Let's talk about weapons for a moment. Because for so long, the conflict has been presented as the inevitable victory of modern Britain over backward Scotland. However, the Jacobite army at Culloden was heavily armed with French and Spanish muskets, as well as captured British ‘Brown Bess’ Land Pattern muskets.  The diameter of the musket ball is slightly smaller in the French and Spanish guns, so it is easy to tell these apart (Brown Bess was 19mm with a 17.5mm ball and French/Spanish patterns were 17.5mm with a 16.5mm ball).  

It appears that the Jacobites fired many rounds at close quarters with the British front line with one British officer having six musket balls through his coat alone. They hoped to dislodge the British from flanking positions, and likewise to slow down the British cavalry advance in the final stages of the battle. Because British cavalry and dragoons typically used swords rather than guns as they attacked, the battle can be more accurately described as a victory for British swords over Jacobite muskets than the other way round.

So, in the coming weeks and months I look forward to sharing my progress with my Cumberland army (The Sausagemen of the title) for Sharp Practice and the Inglorious rebellion of 1745! And please pop over to Doug's Blog to see his progress as well!

As always, thanks for stopping by!


  1. Now pretty much all of that i didn't know even though o have visited the postage stamp battlefield of Culloden. Very interesting, Stu, i look forward to seeing how this develops. Will you be taking your "project" to Deep Fried Lard in 2021?
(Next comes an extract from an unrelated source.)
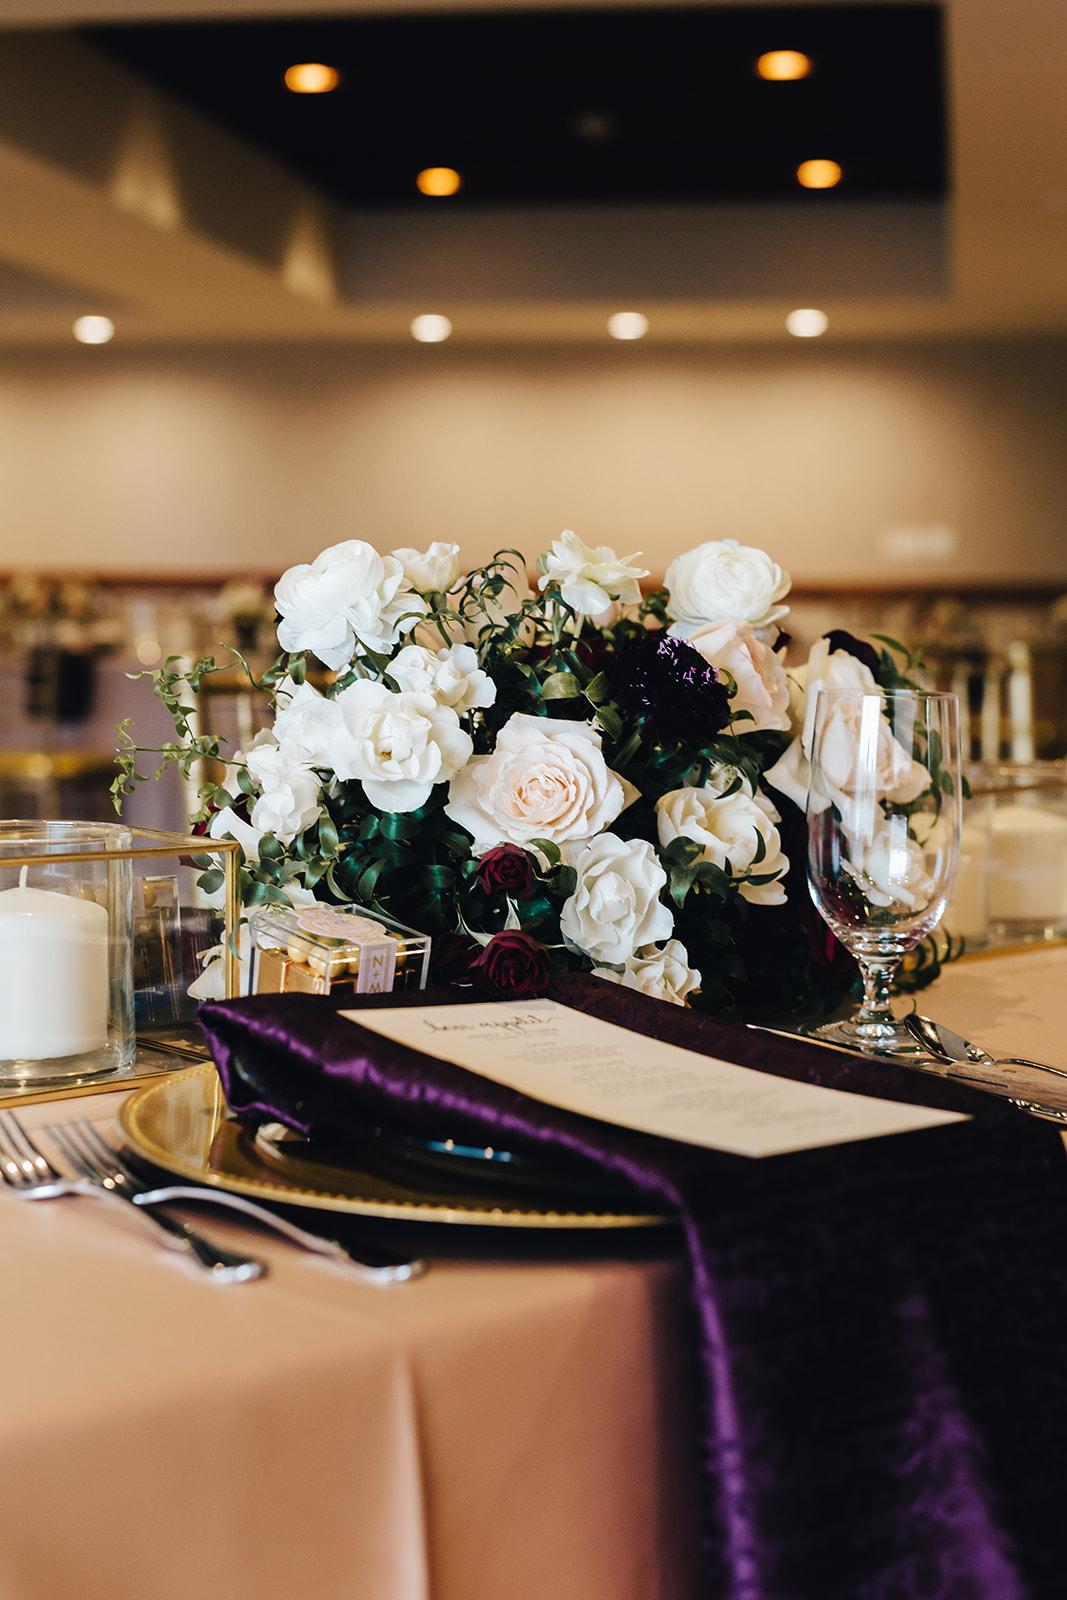 Table decor for West Bay Beach wedding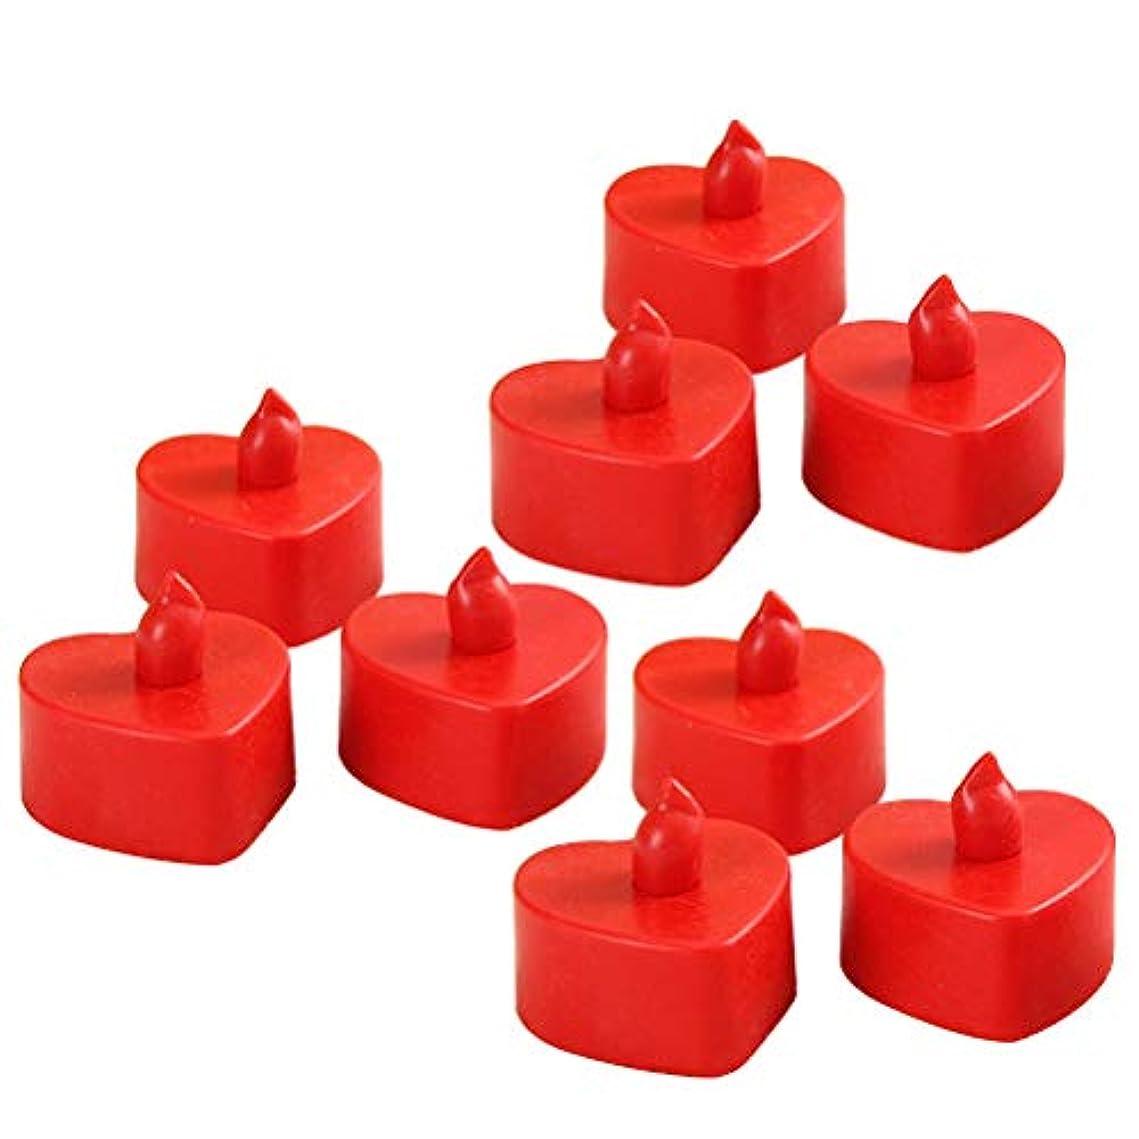 支援煙突スキムBESTOYARD 10個のLed茶色のライトは、電池で作動するFlameless Tealightキャンドル暖かい黄色のライトライトハートシェイプクリスマスのウェディングパーティの装飾(赤いシェル、赤い光)

    1. Jim Bob, thank you most kindly. You know what, it never even crossed my mind to consider taking the game to Deep Fried Lard. Dunno if I'd consider myself of such calibre to run a game. But if Doug is agreeable to this, and Derek has no objections, I'm sure we could make that happen!

  2. I will watch your progress with interest as I am early into my own journey with Sharp Practice and the 45.

    1. Thank you Roger. I shall do the same with yours!

  3. Family tradition relates 'we' came second at Culloden. But in many ways the final battle was not representative of the Jacobite war effort. I have a range of books, of which Prebble is good on the documentary evidence for the aftermath. Reid great on the actual military campaign, and some of the fatal disagreements of the Jacobite command. 'Like Hungry Wolves' is an excellent primer.

    It's hard for us now to comprehend, but to the average Englishman, Sassenach or Lowlander - the clansmen were savages, who couldn't speak the King's English, lived a life of uncivilised depravity and were both an object of fear and scorn. Cartoons and newspapers of the day depicted slaughter, misery and cruelty inflicted by the Scottish hordes, much as newspapers of later years the vile Boche bayoneting Belgian babies and Iraqi Republican Guards tipping Kuwaiti babies out of ventilators.

    Having conditioned their troops to consider the clans as less than human, the atrocities post Culloden are hardly surprising.

    But wargaming the '45, Culloden is atypical, with plenty of small skirmishes and other battles to be gamed.

  4. Oh - and yes.. I would be up for Deep Fried Lard... I even have a Z plan Scottish Castle in preparation to add to the terrain ;)

    1. Well, if Derek is in agreement, I'd be honoured to run a game at DFL with you! And yes, your Z Plan Scottish Castle looks amazing! My order of models was being processed today at Flags of War, so hopefully I'll be able to start painting soon. We have a lot of fun work ahead of us Doug, and I'm delighted to be on the journey with you.